When she had ventured down the cliff path earlier, she’d been driven by a purpose, and although she had been fully aware of the danger, she had not been frightened—except for that brief moment when she believed one of the smugglers was climbing up to meet her.

And neither was she frightened now, she told herself. It was the northern gale sweeping unimpeded down the Cuckmere valley that made her shiver since the heat of temper had cooled. It had cooled sufficiently to make her wish Stenton would call her back.

Slowly she walked on, dividing her attention between the ground and the chalk cliffs on the right. If she kept close to the looming gray wall, she could not possibly miss the way.

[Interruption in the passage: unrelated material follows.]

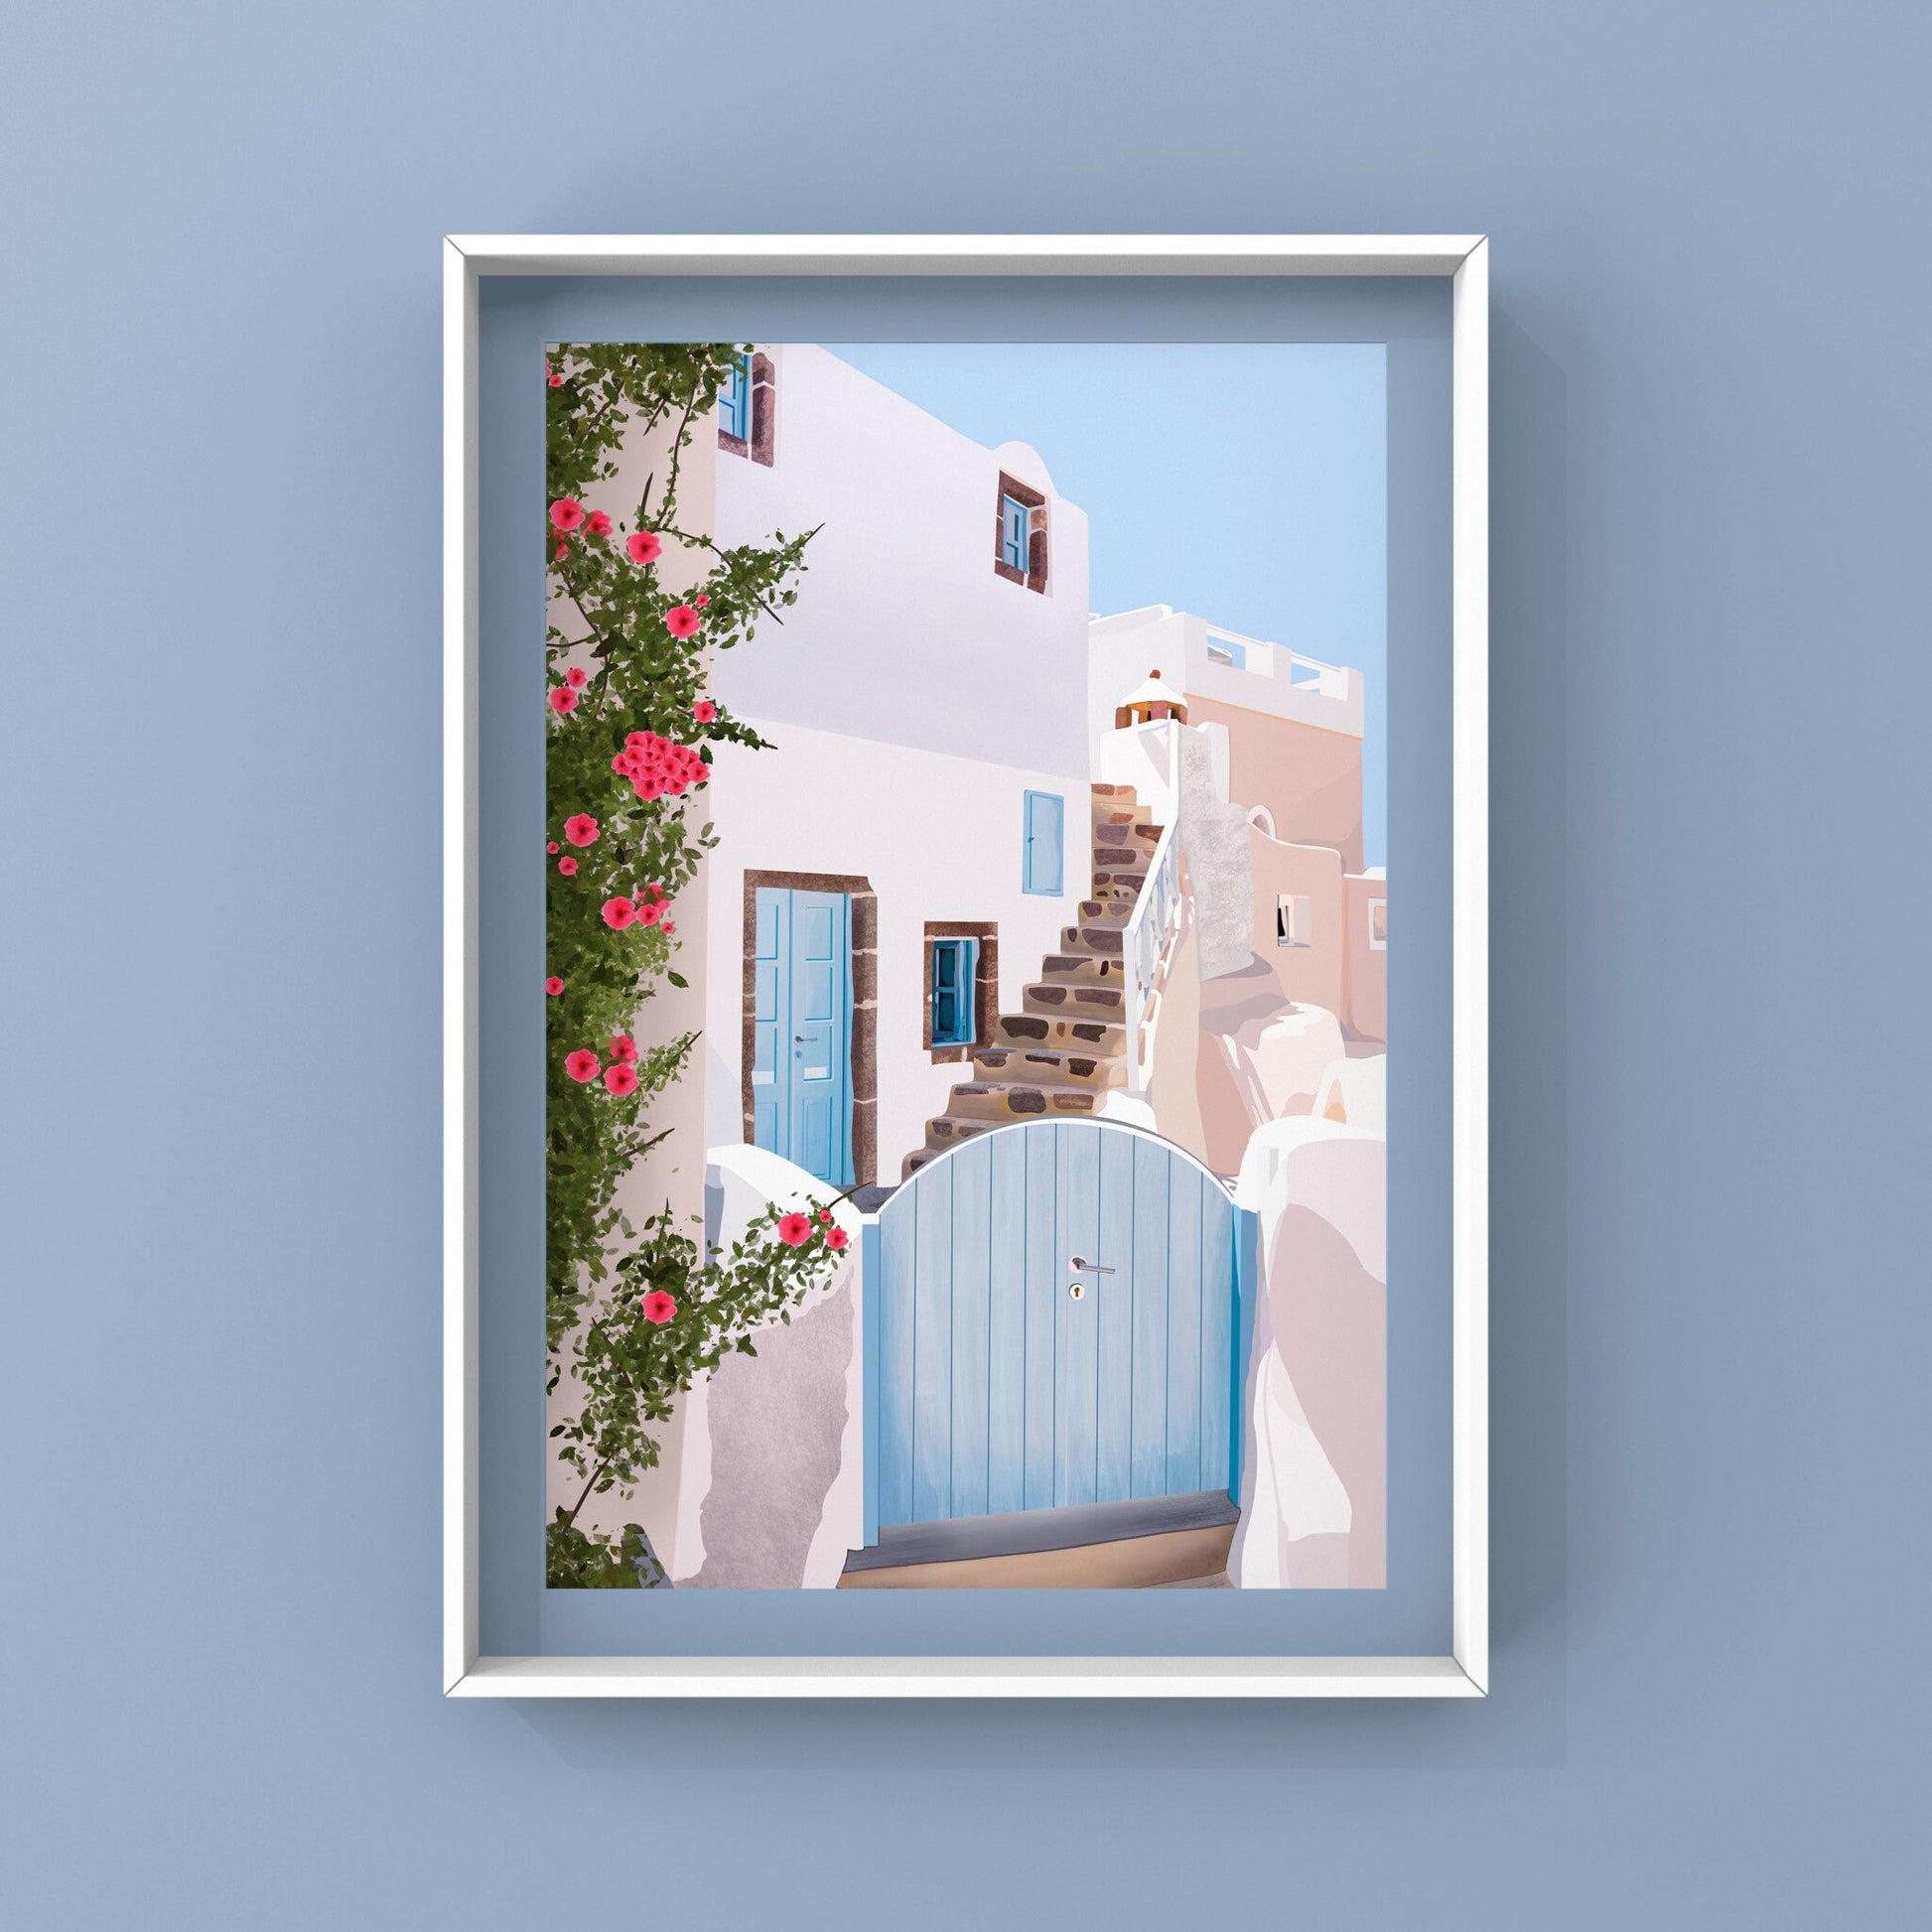 Greece cityscape art print - You can almost feel the warm breeze and the sun on your face when you see the beautiful and calming shades of white, blue, and neutrals/ beige with vibrant green leaves/vines and bright pink/fascia flowers. It will make you feel like you're in santorini or mykonos in greece!

Once, she stopped to look up at the sky. Most of the stars had disappeared. Behind clouds? If that were so, the twins would have their white Christmas.

Since she was walking into the wind, she did not hear the men until they had caught up with her and suddenly appeared beside her, two on the right and one on the left. Her heart seemed to stop for a sickening instant when the man on her left gripped her elbow.

“Dash it, Elizabeth! Why didn’t you wait?”

Her hand, balled in a tight fist, stopped in midair. She could not speak, for now her heart sat in her throat.

“So you would have slugged me again.”

She heard the laughter in Stenton’s voice. Firmly, he pushed her hand down.

“I fear Throckmorton was right,” he said, still sounding amused. “Behind that very prim and proper exterior hides a hurly-burly miss.”

“You have a habit of startling me that is not at all endearing.” She tried to be stern. “Why did you not warn me?”

“I called out, but you did not hear.”

The grip on her arm which had frightened her almost out of her wits, now soothed and reassured. She hoped he would not let go.

She glanced at the other two men. She recognized Chamberlain and Duval, the spy, whose left arm rested in a sling.

“Will you take the spy to Whitehall immediately?” she asked as the other two men drew ahead.

And how long will you be gone? she wanted to add.

“Chamberlain will take him to London as soon as the physician has dug the ball from his shoulder.
I
have unfinished, important business here at Stenton.”